*** Opening DATASET ***
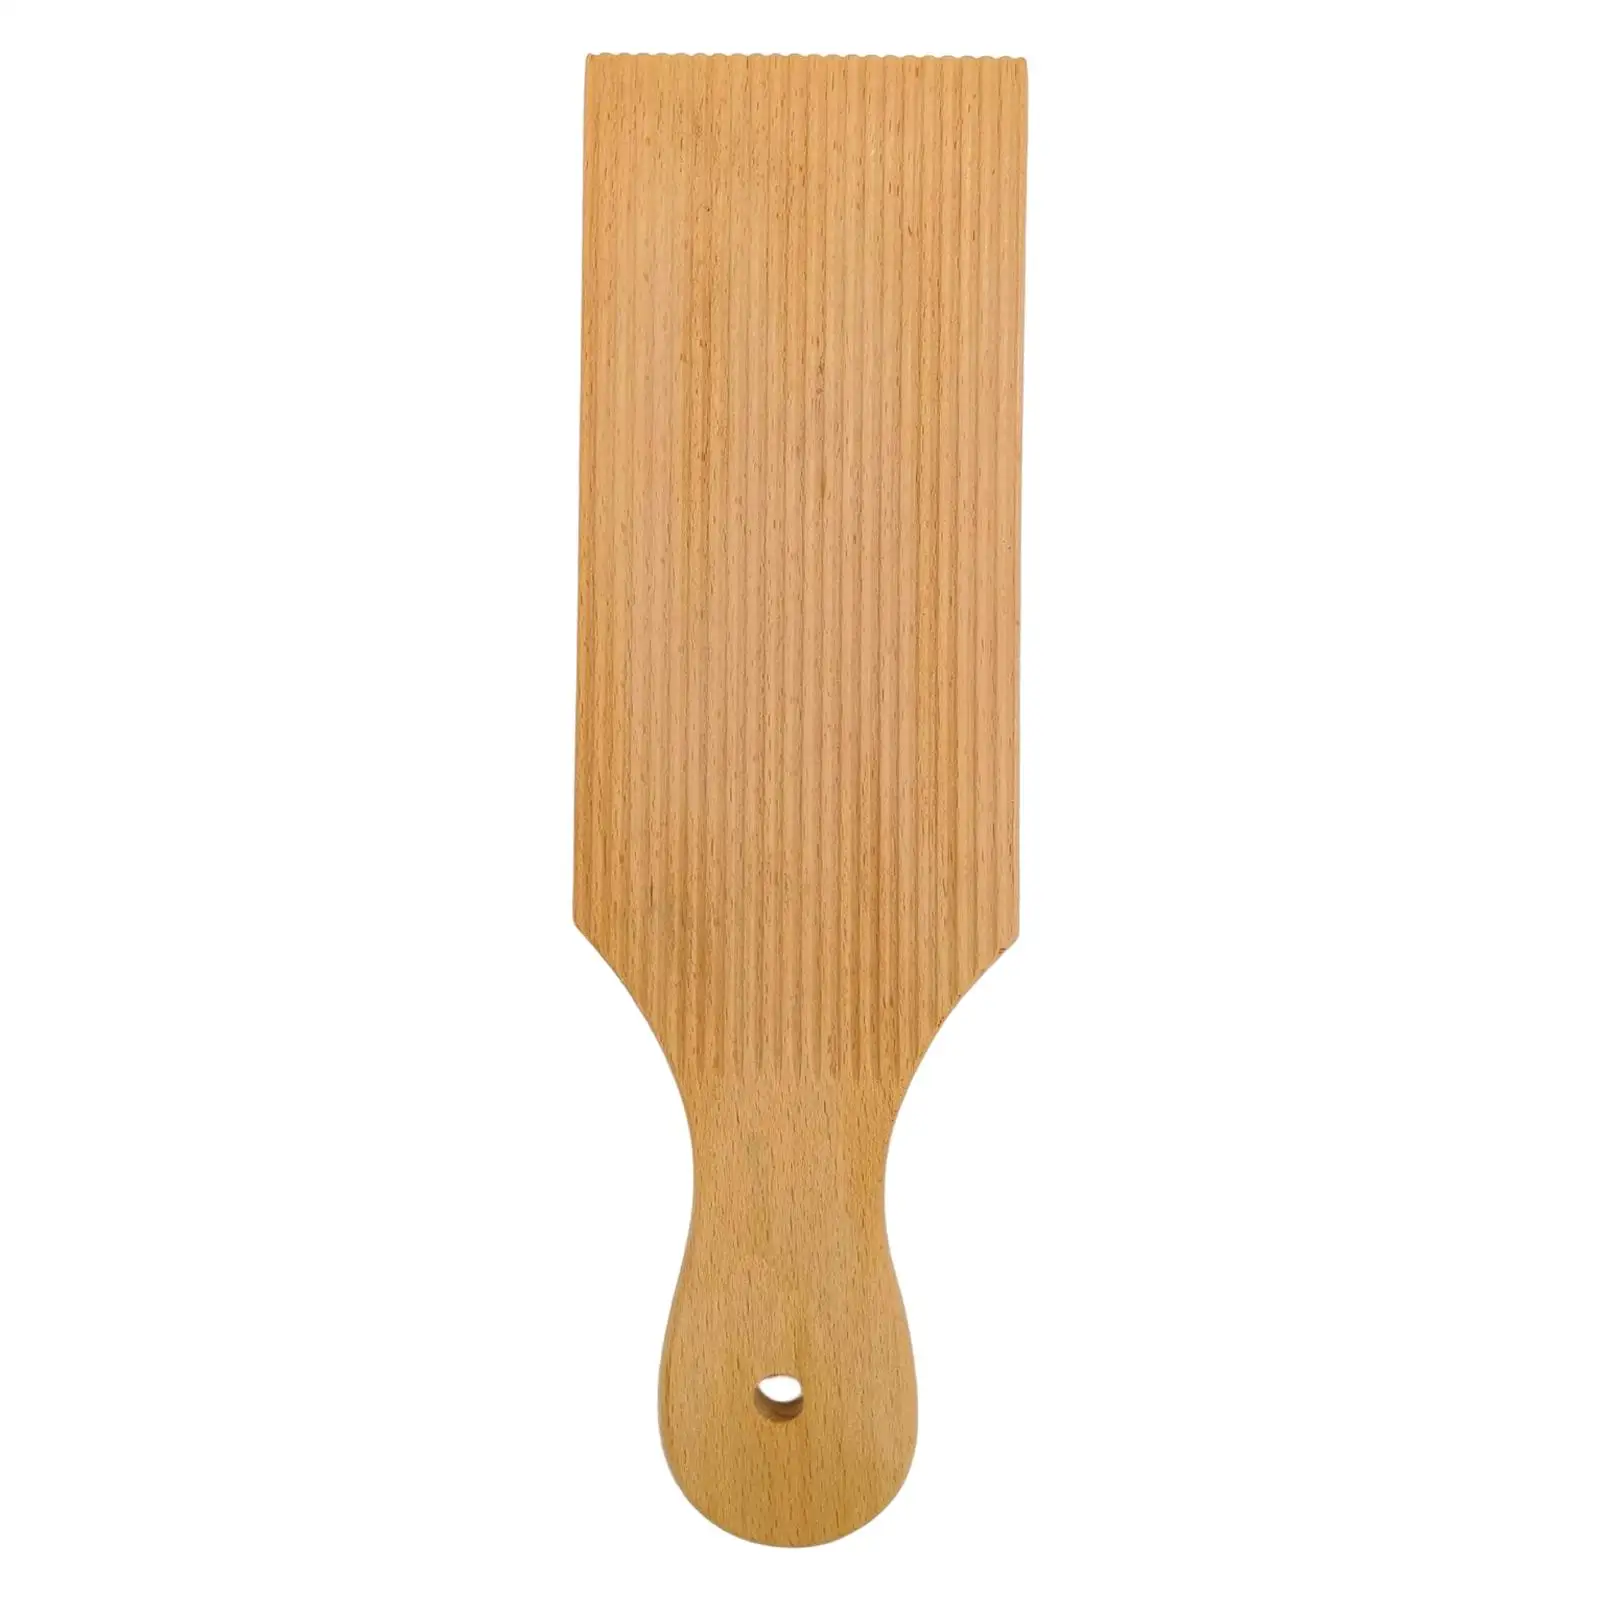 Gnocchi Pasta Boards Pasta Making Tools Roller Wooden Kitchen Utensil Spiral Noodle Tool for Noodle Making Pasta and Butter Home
*** Closing DATASET ***
*** Opening DATASET ***
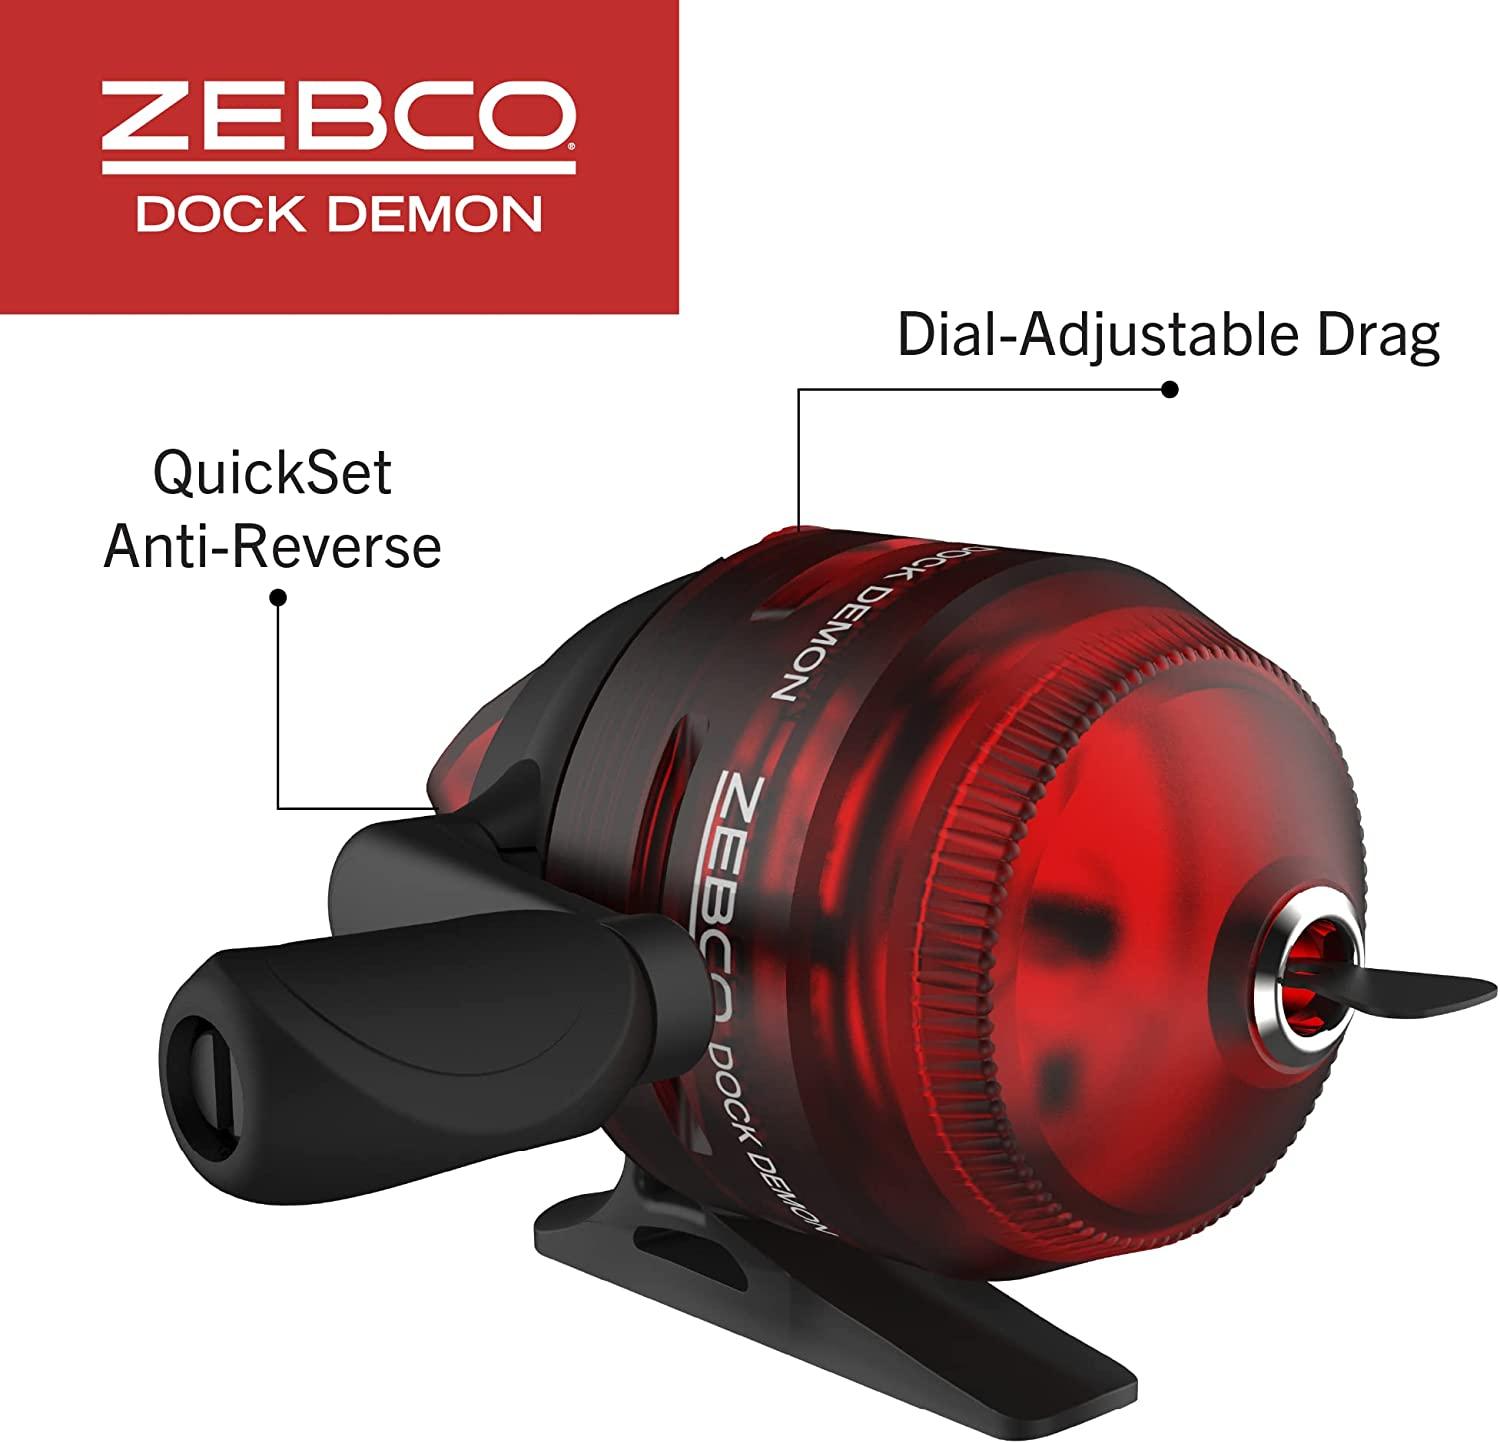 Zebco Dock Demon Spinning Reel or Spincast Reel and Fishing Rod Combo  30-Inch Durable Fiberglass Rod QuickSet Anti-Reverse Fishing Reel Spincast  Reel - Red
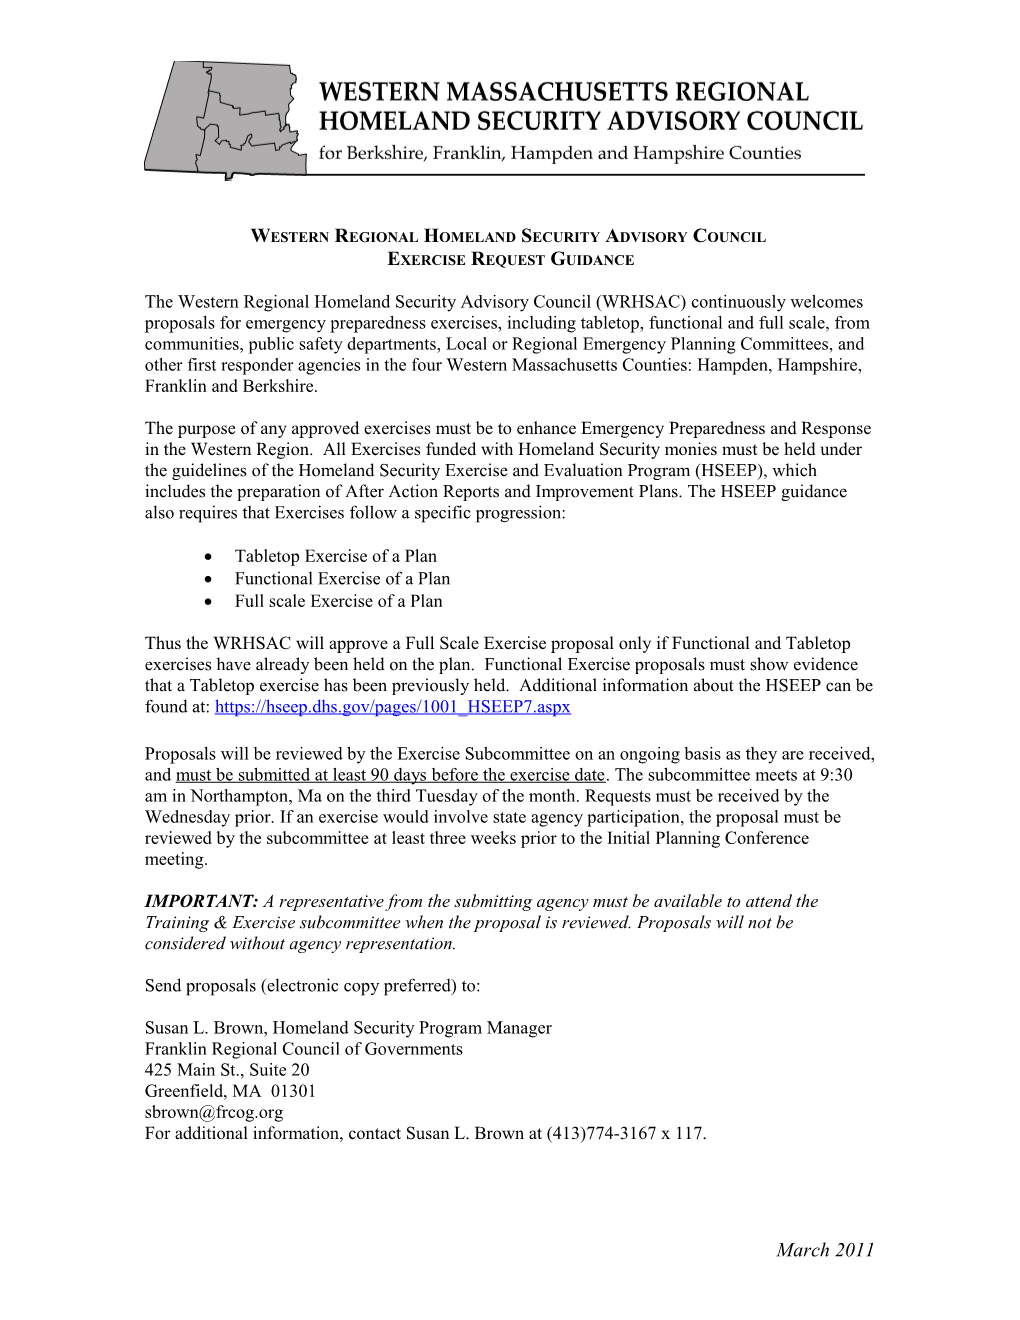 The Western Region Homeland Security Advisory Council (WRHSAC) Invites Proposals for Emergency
*** Closing DATASET ***
*** Opening DATASET ***
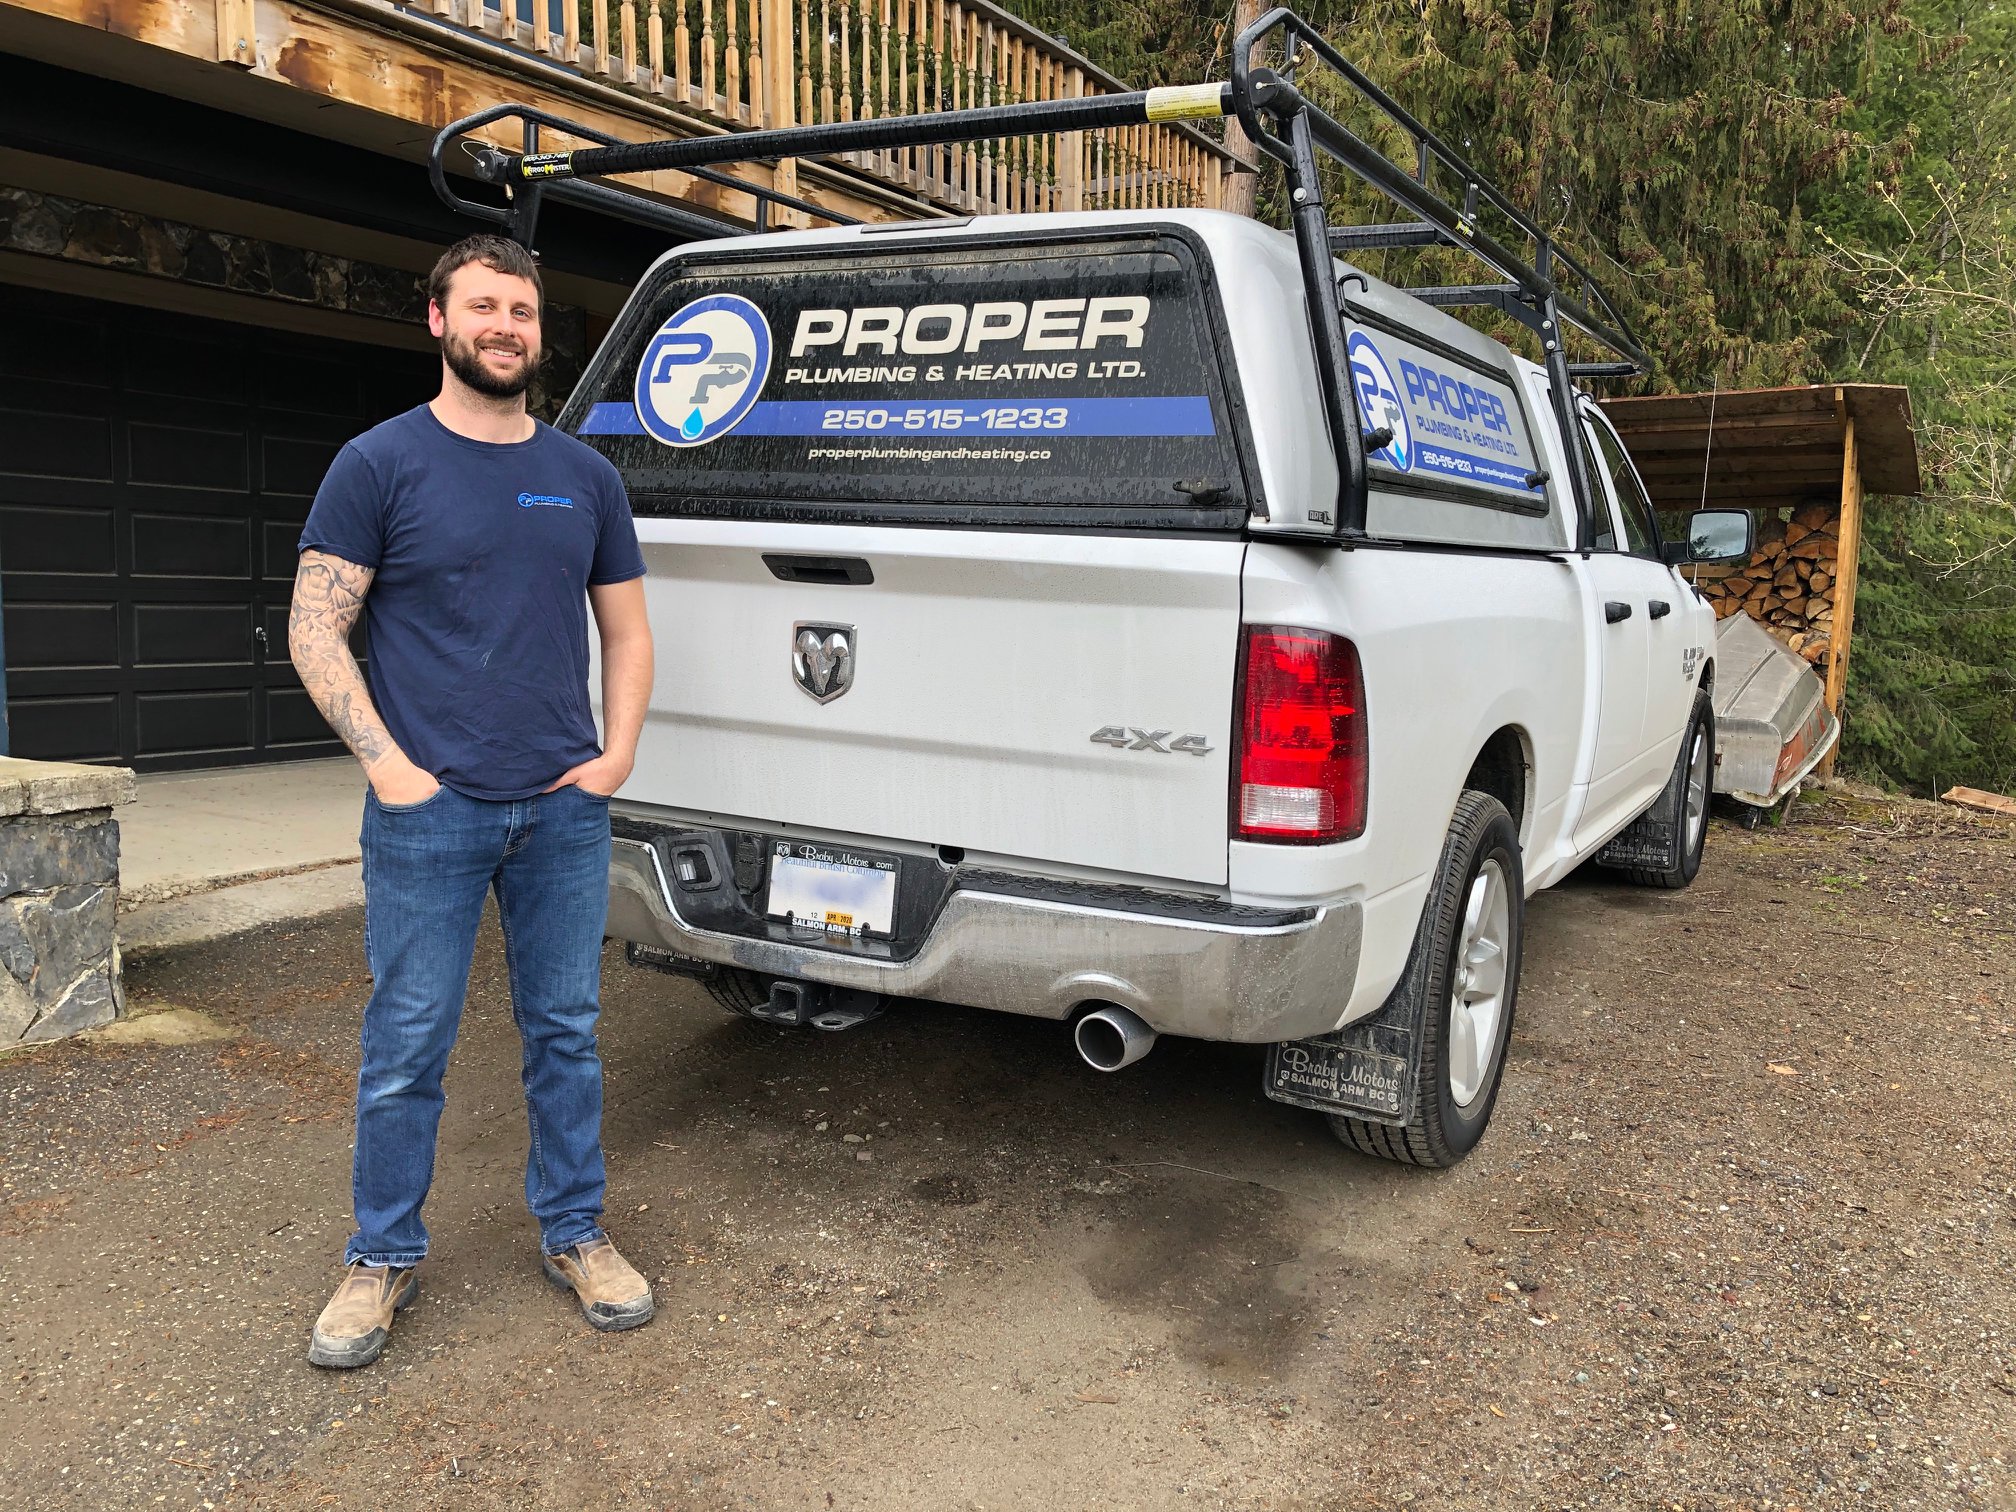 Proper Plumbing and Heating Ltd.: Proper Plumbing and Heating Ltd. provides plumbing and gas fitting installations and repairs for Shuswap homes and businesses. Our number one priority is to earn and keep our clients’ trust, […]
*** Closing DATASET ***
PROBLEM STATEMENT:
Out of the records above, set down only the lines from the one that contains "Zebco Dock Demon" through the one that contains "The Western Region", unchanged and without the pictures.

ANSWER BOX:
 Zebco Dock Demon Spinning Reel or Spincast Reel and Fishing Rod Combo  30-Inch Durable Fiberglass Rod QuickSet Anti-Reverse Fishing Reel Spincast  Reel - Red
 The Western Region Homeland Security Advisory Council (WRHSAC) Invites Proposals for Emergency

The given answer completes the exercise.